> First, your insistence on scientific rigor is laudable but, quite frankly, lim...

> First, your insistence on scientific rigor is laudable but, quite frankly, limited in scope. We're on the cusp of a new era, and your demand for reams of data misses the point:

This is a case of reliability which requires an abundance of evidence of it in many parameters including a larger sample size which my question remains unanswered. You showing me one data point, does not remotely conclude LLMs are reliable for this use-case, especially for medical professionals.

> it's not just about what we can prove right now; it's about the trajectory we're on. And let me tell you, that trajectory is heading towards AI surpassing human capability, whether you like it or not.

For serious high risk use-cases (legal, financial, medical, transportation, etc) all require the reliability case to obtain the trust of the human.
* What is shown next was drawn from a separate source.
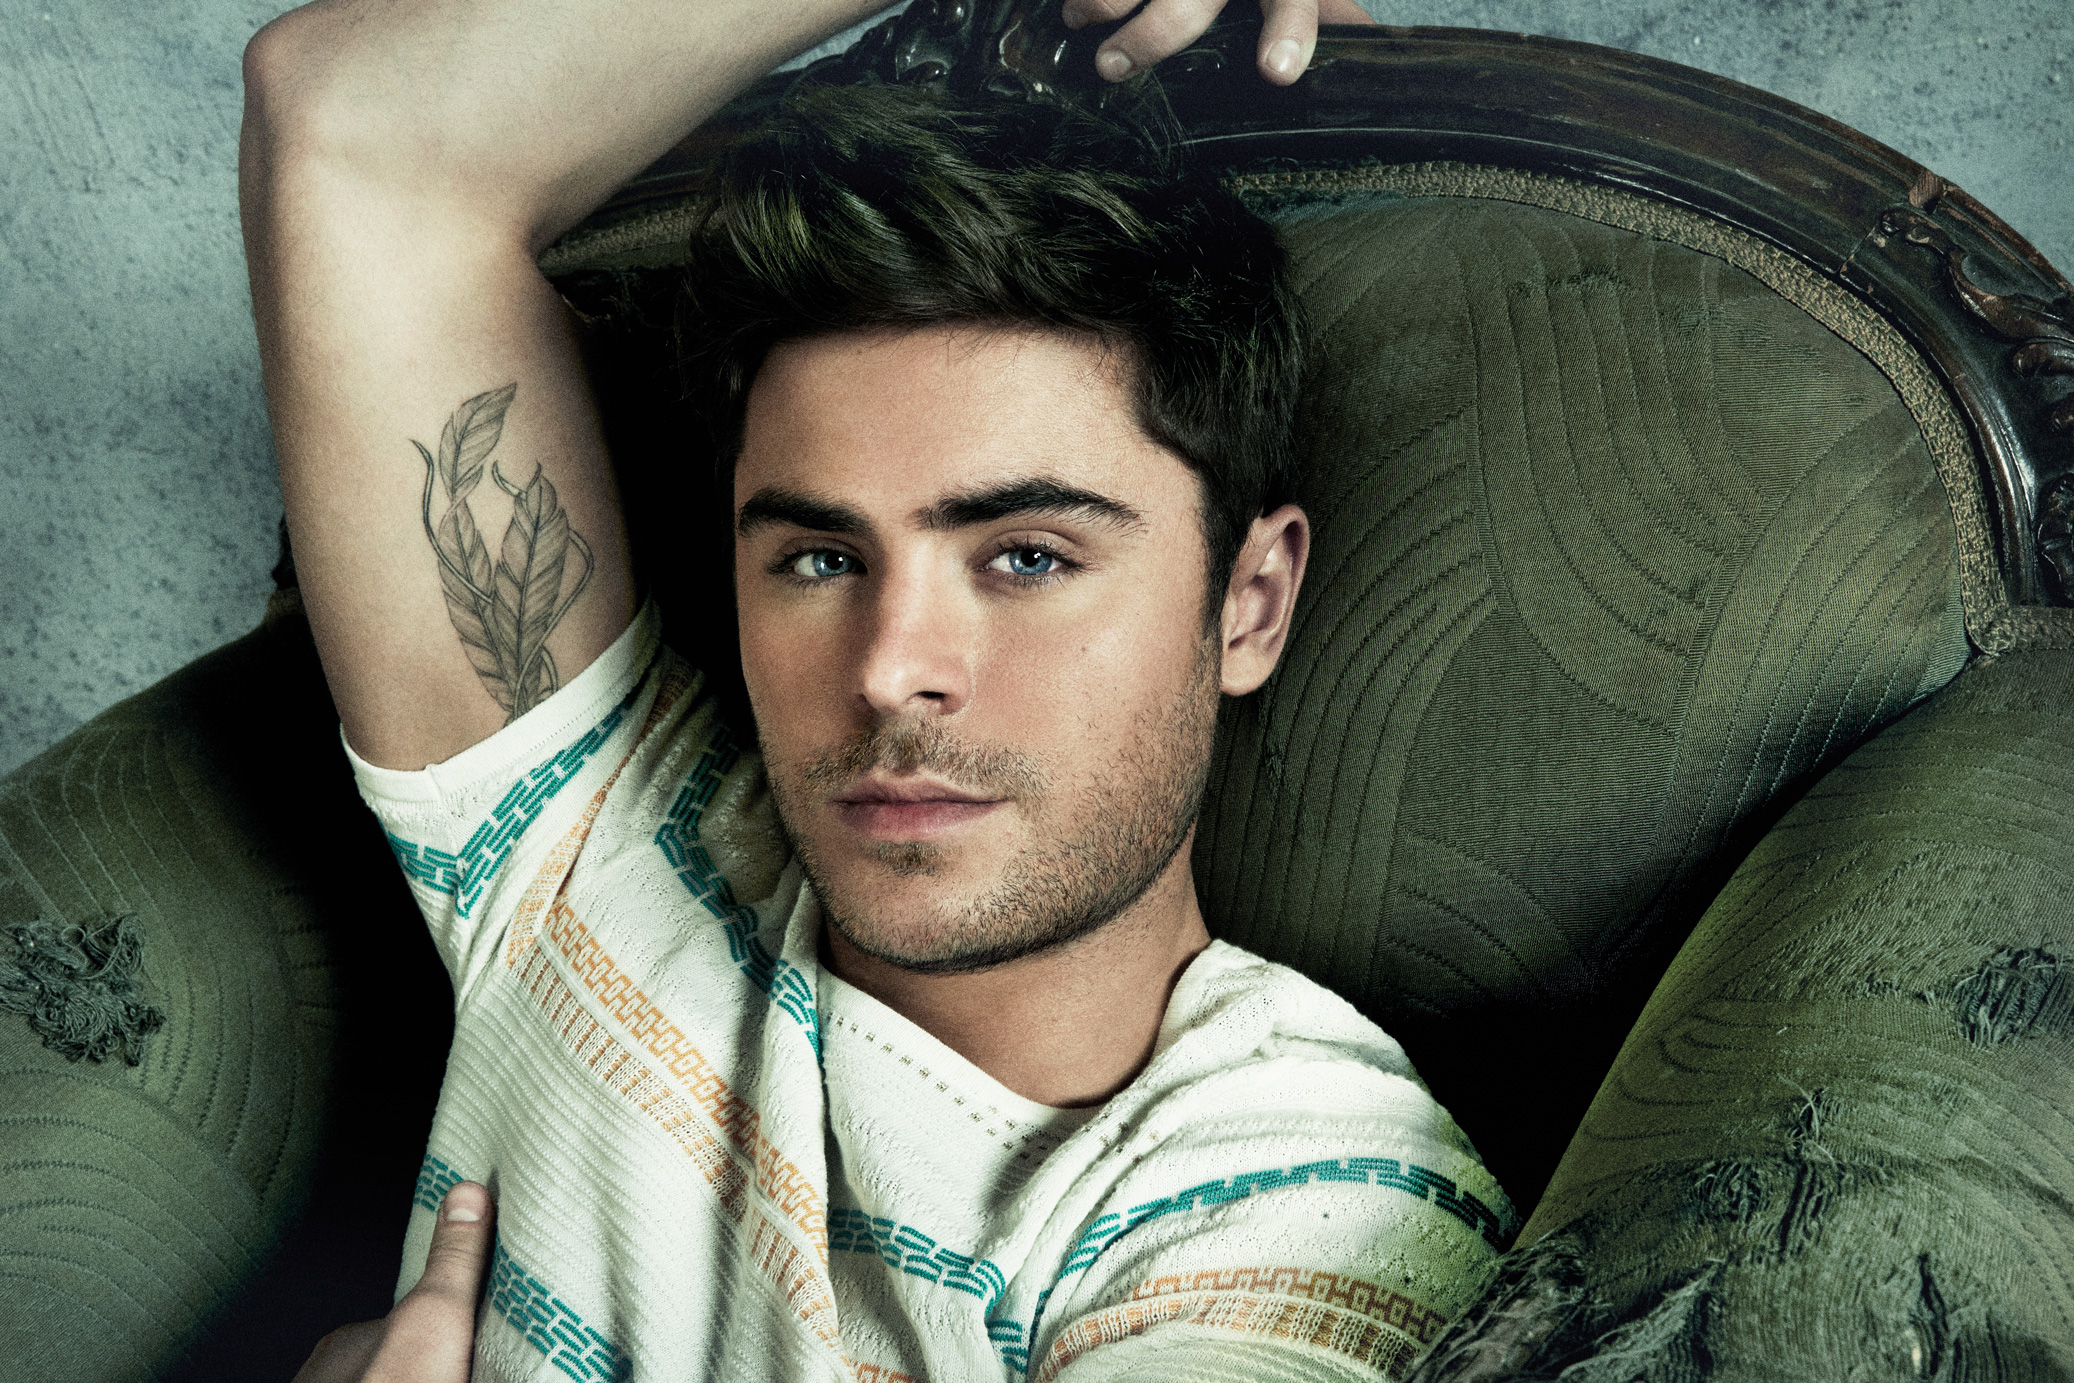 You got: Zac Efron! 🎄 Decorate Your House for Christmas and We’ll Give You a Hot Celeb to Kiss Under the Mistletoe

That needs extensive evidence, research, etc of the system working reliably which you have only shown only one data point which professionals cannot work with to make a conclusion on reliability at all.

> You talk about LLMs like ChatGPT being "black boxes," implying that's a reason they can't replace humans.

We're talking about clinicians; a high risk profession which it is almost certain that LLMs cannot fully replace all of them as I have already explained. As long as a human needs to check their outputs, then that will remain the case, by default.

> medicine was a black box for centuries! And yet, we didn't sit around waiting for the perfect solution; we innovated, learned, and improved. Why shouldn't we expect the same trajectory for AI? Machine learning models are already becoming more explainable, and they'll only get better.

That isn't the point. Clinicians have used other tools which are far more transparent than deep neural networks / LLMs and the massive disadvantage for LLMs has always been unable to transparently show its decision process and explaining itself.

There is a significant difference in the explainability of an LLM than with typical machines learning methods which don't use neural networks, and it has been known for decades that clinicians have a very low trust in using such systems unattended and in general, hence the back-peddling of disclaimers of never using these systems for medical advice, financial and legal advice, etc.

> Accountability can be programmed, designed, and regulated into an AI system....

Like what? So called 'guardrails' which have been found to have been broken into all the time? At least with human doctors, even if something goes wrong, there is always someone that is held to account to explain what exactly was the issue and what happened.

The fact that these AI systems still require a human to supervise it defeats the point of trusting it to fully replace all human doctors due to its frequent failure to explain transparently whenever one needs to understand its decisions.

> You dismiss the non-determinism of AI as a fatal flaw. But isn't that a human trait, too? How many times have medical professionals changed their "expert opinions" based on new evidence? The fact is, non-determinism exists everywhere, but what AI has the potential to offer is a level of data analysis and rapid adaptation that humans can't match.

It is a fatal flaw, made worse with the choice of AI system for the intended use-case and not every problem can be solved with an LLM, including social problems that need human interaction. As humans are able to reason and explain their decision process, LLMs have no concept of such a thing, even if their own creators claims to do so.

It is fundamental and by design for LLMs and related systems. Everything else beyond that is speculative or even science fiction.

> I can now get into a car driven by AI and go wherever I want. 2 years ago people like you were saying it's a pipe dream. You need a certain level of brain power an IQ of 90+ to realize that despite the fact that this anecdotal snippet of progress isn't scientifically rigorous it's a datapoint as strong as 17 doctors failing in front of chatGPT. It allows us to speculate realistically without the need for science.

Self-driving cars that are meant to drive as well or even better than a human can in all conditions is a science fiction pipe dream (Yes it is.). The designers of such autonomous systems already know this and the regulators have less trust in them and do not allow any system that has no human intervention to be on the roads.

The worst case is accounted for in terms of reliability (including failures, near misses, etc) and it completely makes zero sense and it is irresponsible for regulators and professionals to use just one data point of the system working, dismiss the hundreds of failures and then conclude that the AI system is reliable in all cases.